See Highlights from Design Miami/ Paris 2024
The second edition of the fair opened to much fanfare—with a who's who of creatives and celebrities dropping in on opening day
In Europe, it’s been one long fortnight of art and design that started in London on October 7, then reprised in Paris a week later. The French capital seems to have been the preferred stop for U.S. visitors. “All I’ve heard are American accents,” says Pierre-Marie Giraud, the Belgian ceramics specialist, on the opening day of Design Miami/ Paris, where he has a stand. Among them was actor Nathalie Portman, who cruised the stunning rooms of the Hotel de Maisons alongside some younger Arnaults and designers India Madhavi, Lord Foster, Raf Simons, and Samuel Ross.
Sales have been brisk at the second edition of Design Miami/ Paris–the fair that first launched in Miami in 2005. It takes places in the large private mansion which was once home to Karl Lagerfeld. (He was frequently photographed in its exquisitely appointed, wood-panelled rooms.) A demountable Jean Prouvéhouse–an icon of mid-century French industrial design from 1946–sold on day one for over one million euros at Francois Laffanour’s gallery, Downtown.
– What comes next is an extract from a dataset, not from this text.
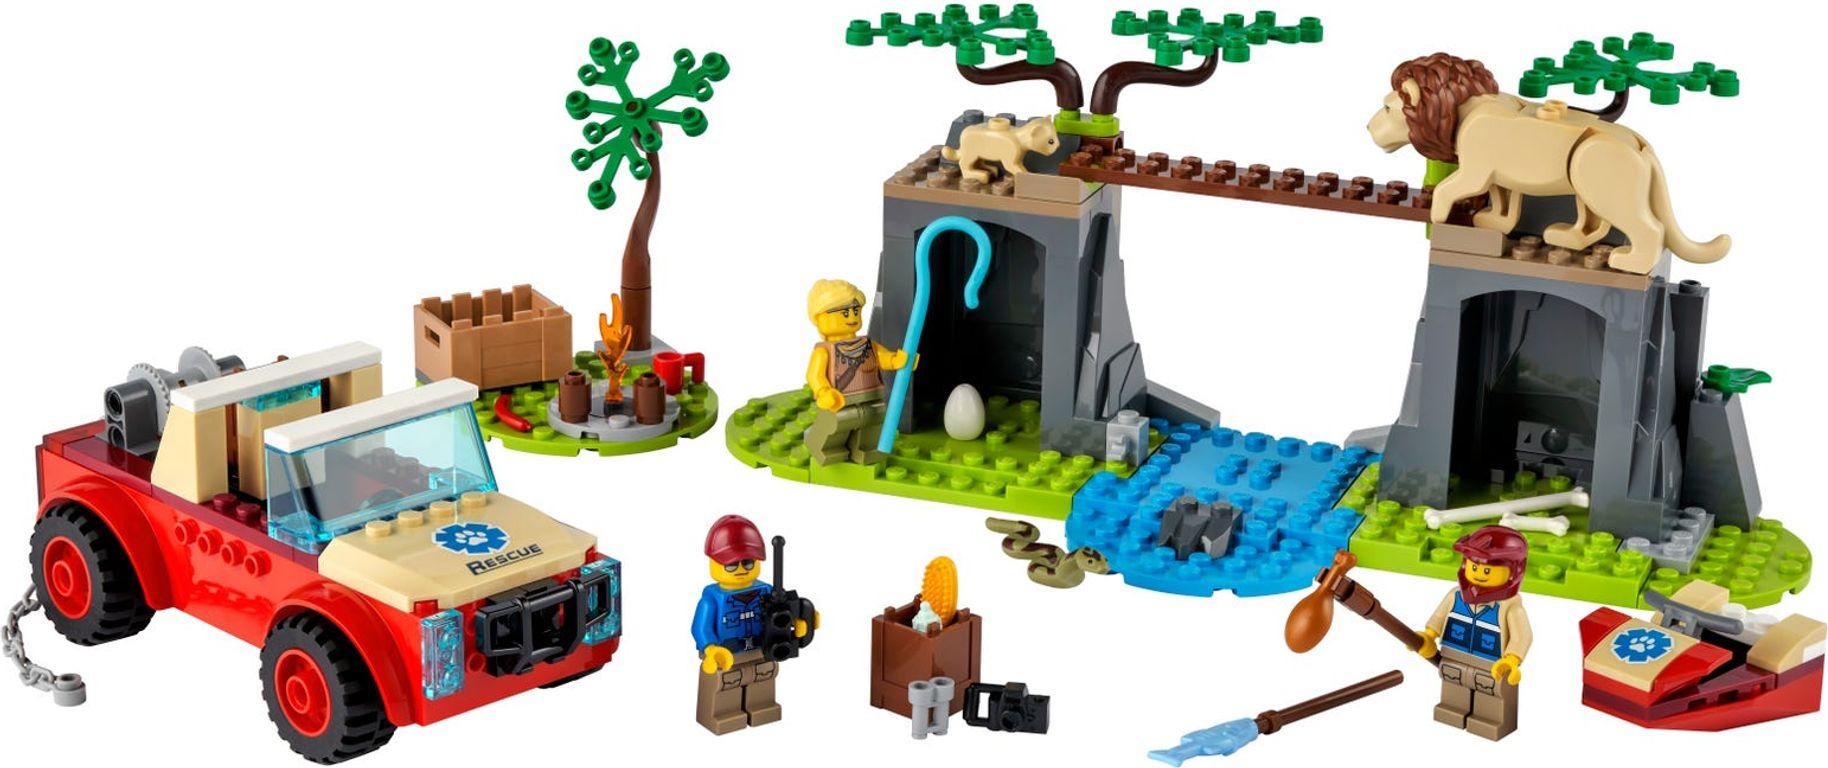 LEGO® City Wildlife Rescue Off-Roader components
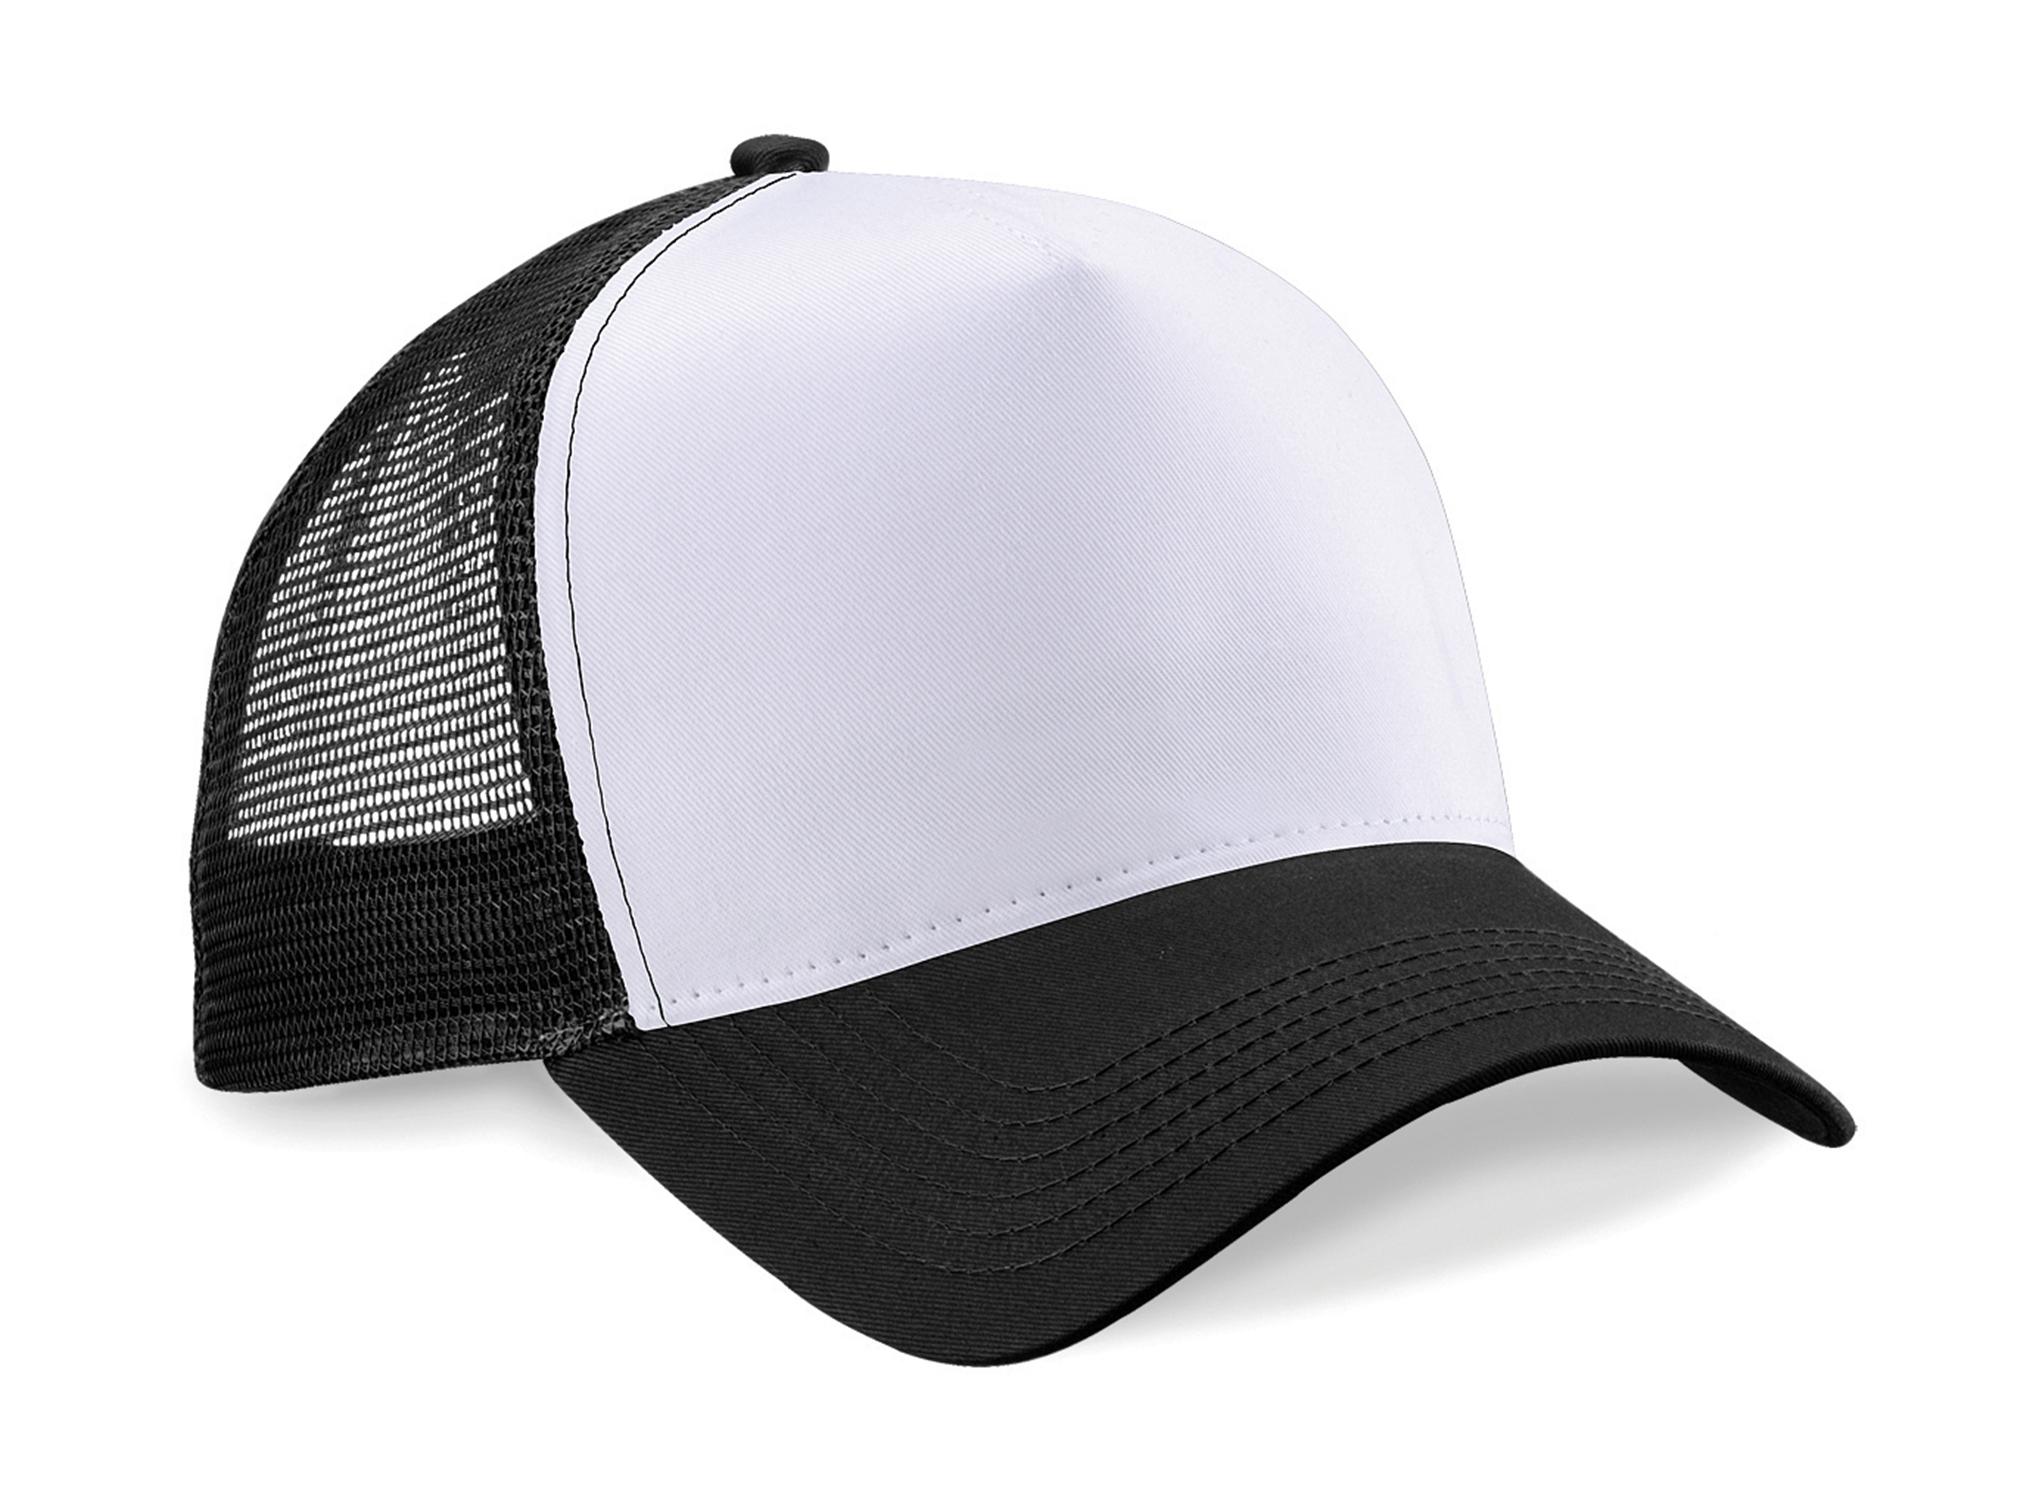 VINTAGE SNAPBACK TRUCKER CAP

A suite of two armchairs and a sofa designed by Charles Dupre Lafon around 1927, and shown by Maxime Flatry, will shortly be on its way to the U.S. “I’m happy about that,” says Flatry, 31. With its generous, easy feel, we think it was created for an American customer in the first place.”
Here are more highlights that made a splash:
1. Galerie Kreo: Flou table by Ronan Bourroullec
For their return to this fair, the prime Parisian contemporary gallery Kreo took full advantage of the natural light that streams through the house. They placed Ronan Bourroullec’s new Flou coffee table centre stage–its green glass top looking more like water as the sun fell upon its wavy surface. Flou means vague or blurry in English, but here flowing works better. The dimpling effect is matched in the table’s silvery-colored hammered steel base.
2. Hostler Burrows: Jasmin Anoschkin
The American specialists in Scandinavian ceramics—with galleries in New York and Los Angeles—filled their first floor room with large-scale works including glossily glazed animals by Jasmin Anoschkin. “It has a cartoonish, fantastical quality,” said Juliet Burrows of the hybrid creatures stalking across the floor. “It’s the world of the childhood imagination.” The Finnish artist uses glaze in a liberal layered way, to complete these wide-eyed quadrupeds.
3. Galerie Gastou: Jean Touret
The second generation gallerist, Victor Gastou, presented a formidable showing of the work of the Atelier de Morolles – robust wooden furniture, with a rustic style but a highly considered finish. Wooden surfaces are hand-worked with a gouge for a rippled appearance that plays with the light. This guild of craftsmen was set up by the self-taught designer Jean Touret in 1950 in Morolles, a small village in the Loire and the work was produced piece by piece by traditional methods. It is now highly collectible.
4. Mini Masterpiece: Philip King and Joana Vasconcelos
Esther de Beaucé works closely with contemporary artists at her gallery Mini Masterpiece to create wearable works of art. The rings on show by the British sculptor Philip King, who died in July 2021, are the very last works he made. He designed the clustered cubes in his hospital bed and insisted on posting the maquettes to De Beaucé. Now, in gleaming gold and with the deep colours achievable with nano-ceramic, they are the last testament of a great twentieth century talent.
5. Carpenters Workshop Gallery: Marc Newson
What an absolute joy to see Marc Newson’s 1999 Pod of Drawers at Carpenters Workshop Gallery. Made with the same construction process as the Australian designer’s most famous piece, the Lockheed Lounge, it is a curvy cabinet finished in sheets of aluminum riveted to a wood and fiberglass body. Reminiscent of Man Ray’s photographic homage to Ingres of a woman’s back, if sold it will be for something near to $2 million.